**DATASET:**
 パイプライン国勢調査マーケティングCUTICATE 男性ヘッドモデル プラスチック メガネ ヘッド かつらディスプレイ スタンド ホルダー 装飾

--

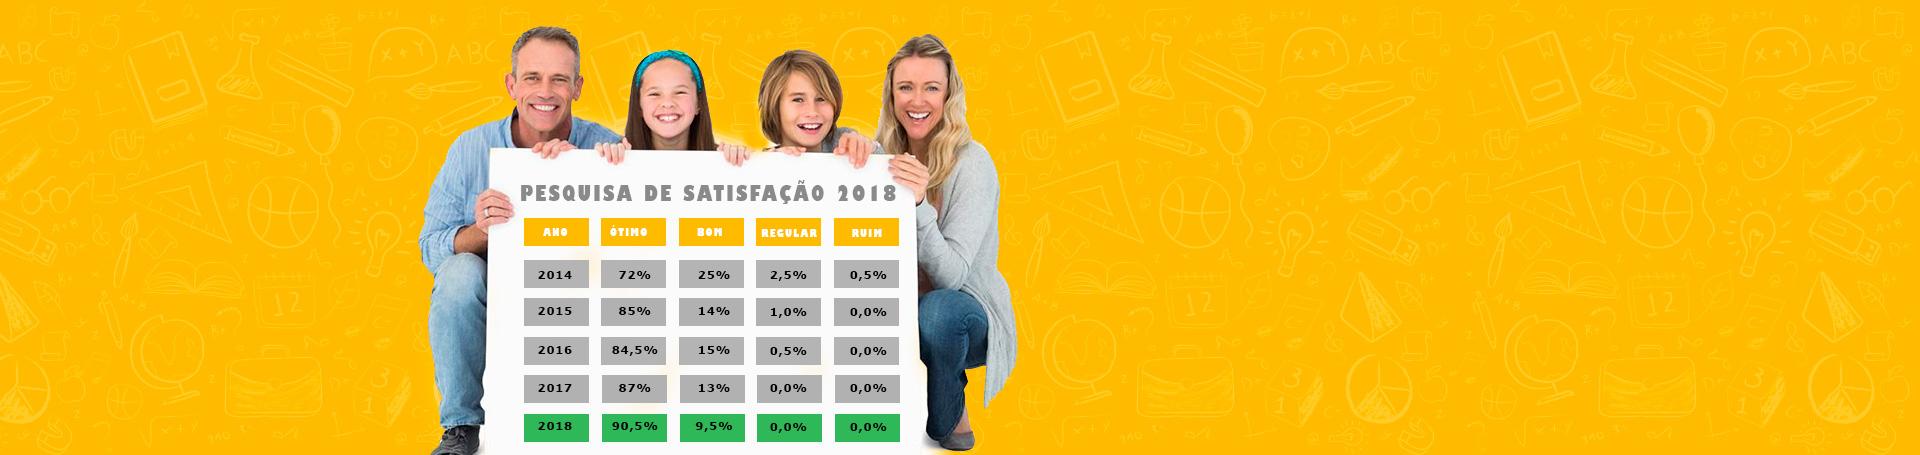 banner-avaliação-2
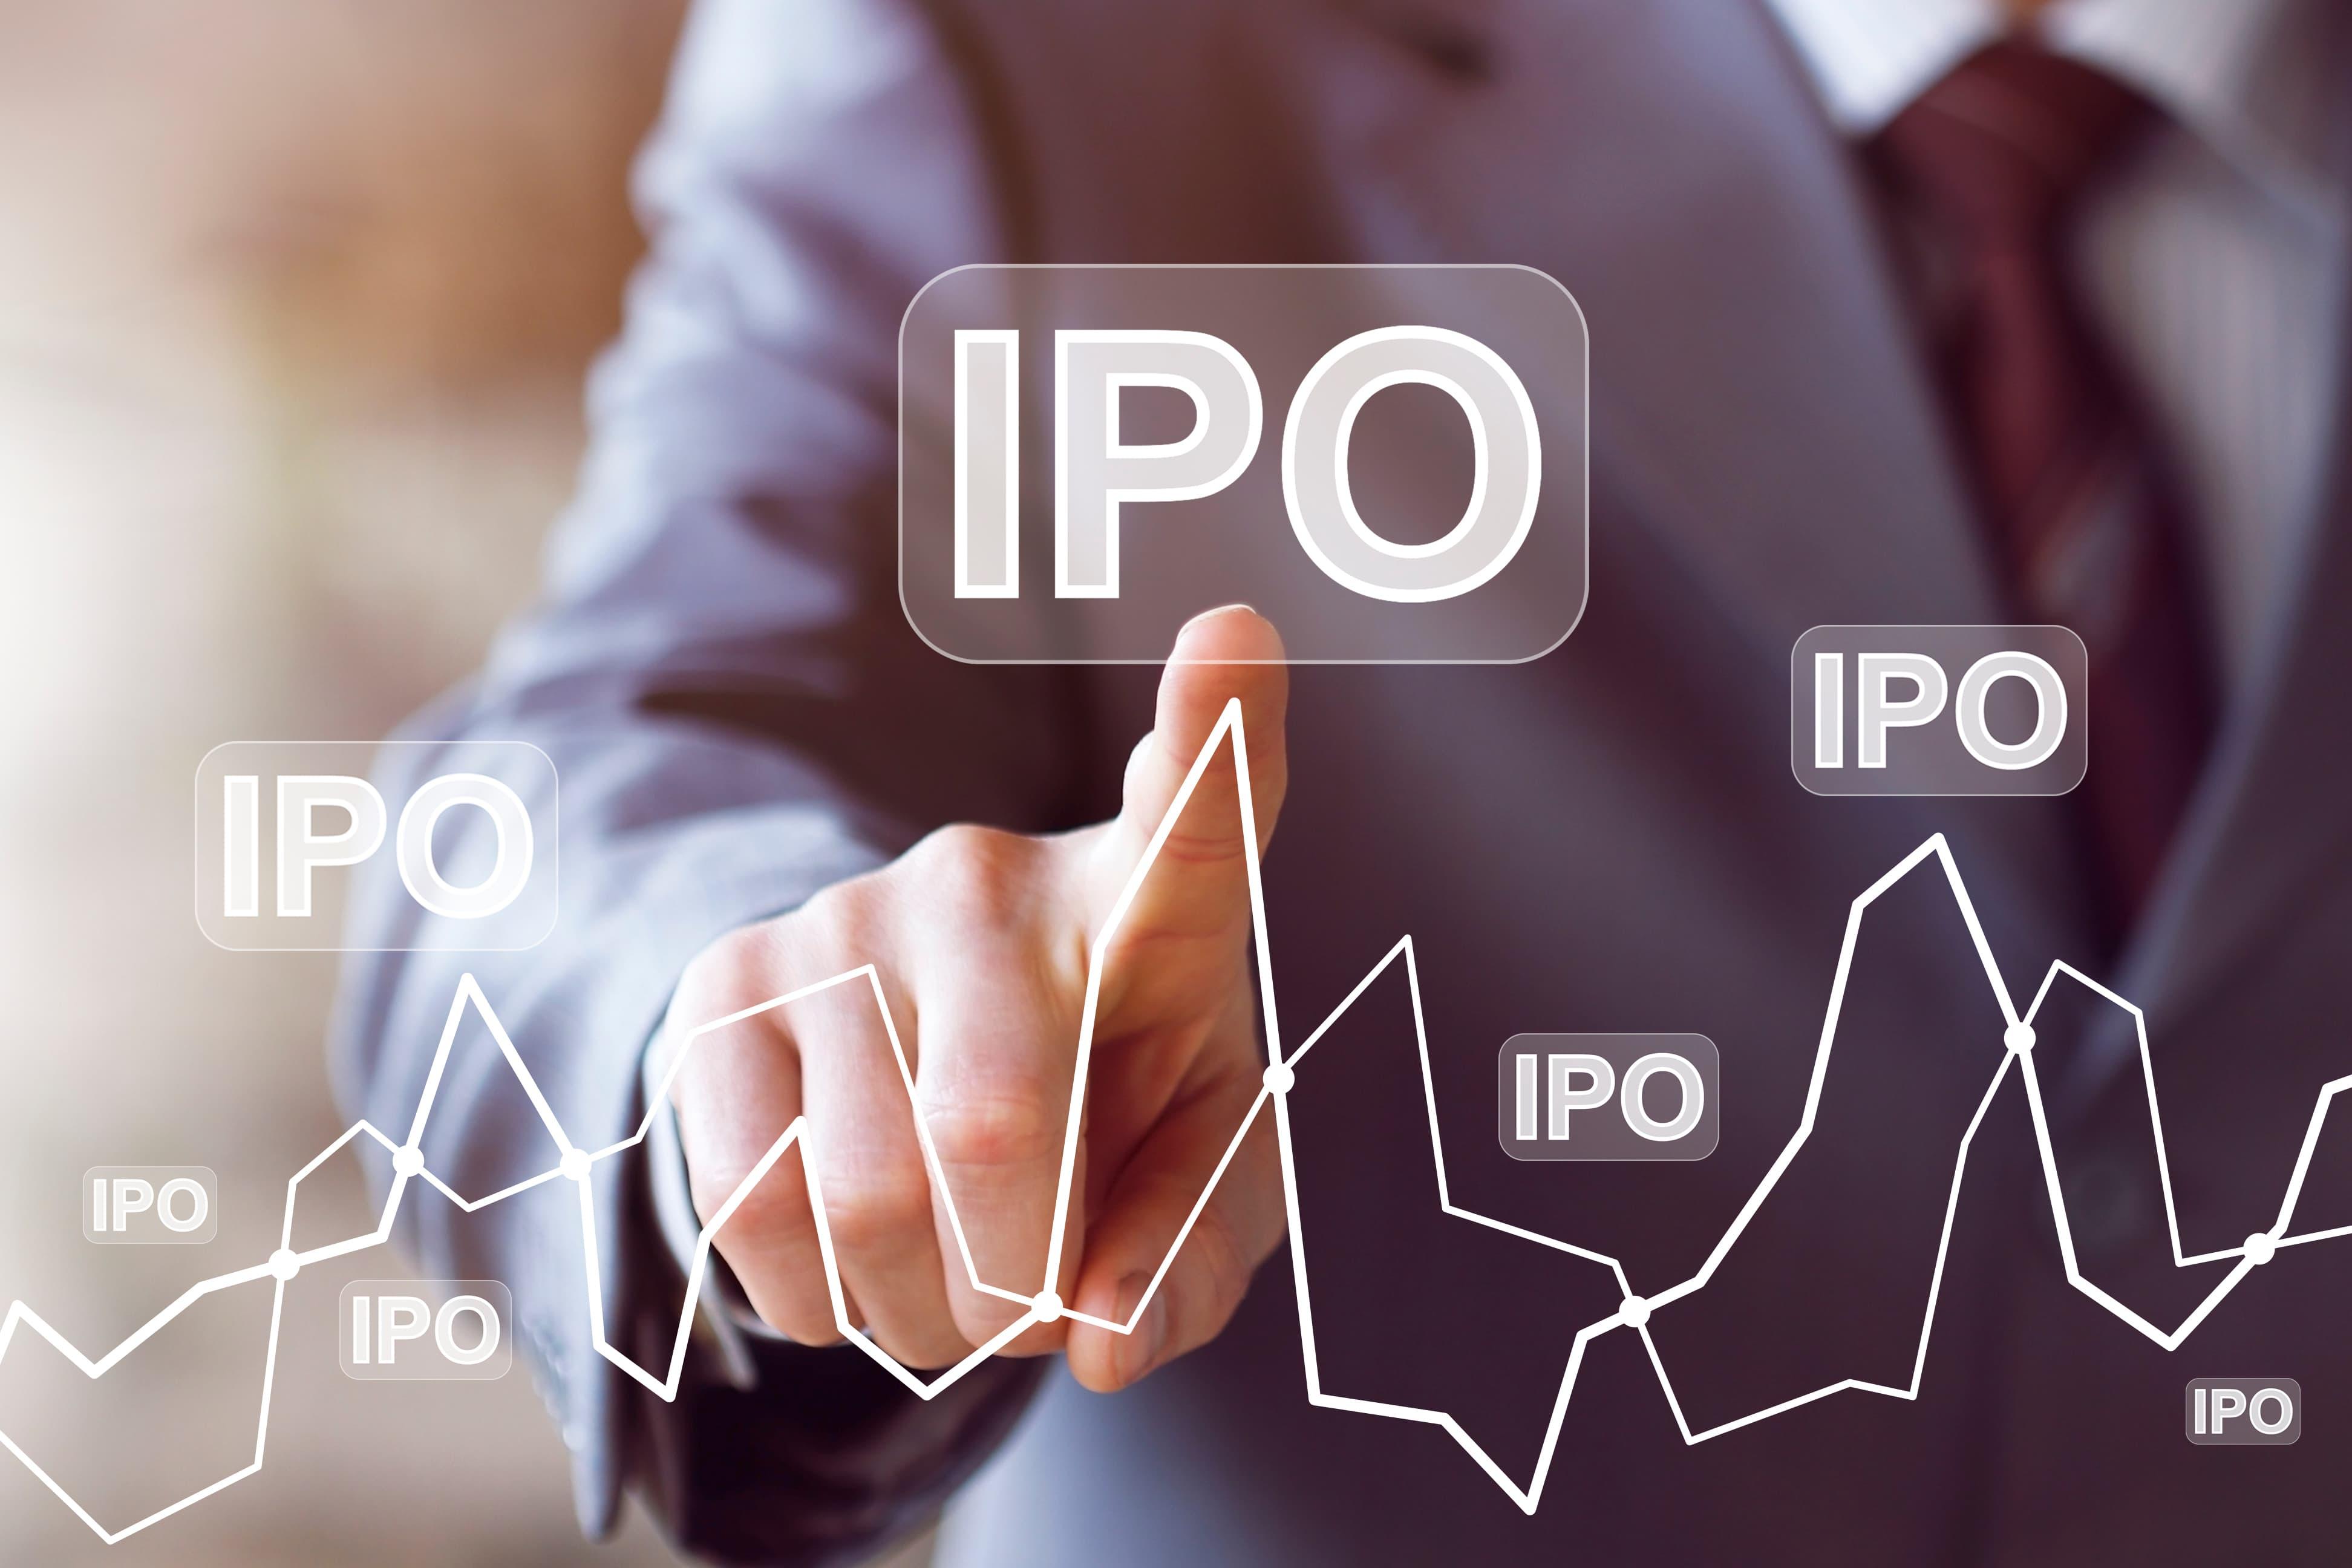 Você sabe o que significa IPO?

**EXERCISE AIM:** Using the entries above, transcribe exactly from the line that has "banner-avaliação-2" through the line that has "Você sabe o que significa IPO?". Pictures are dropped.

**FINISHED EXERCISE:**
 banner-avaliação-2
 Você sabe o que significa IPO?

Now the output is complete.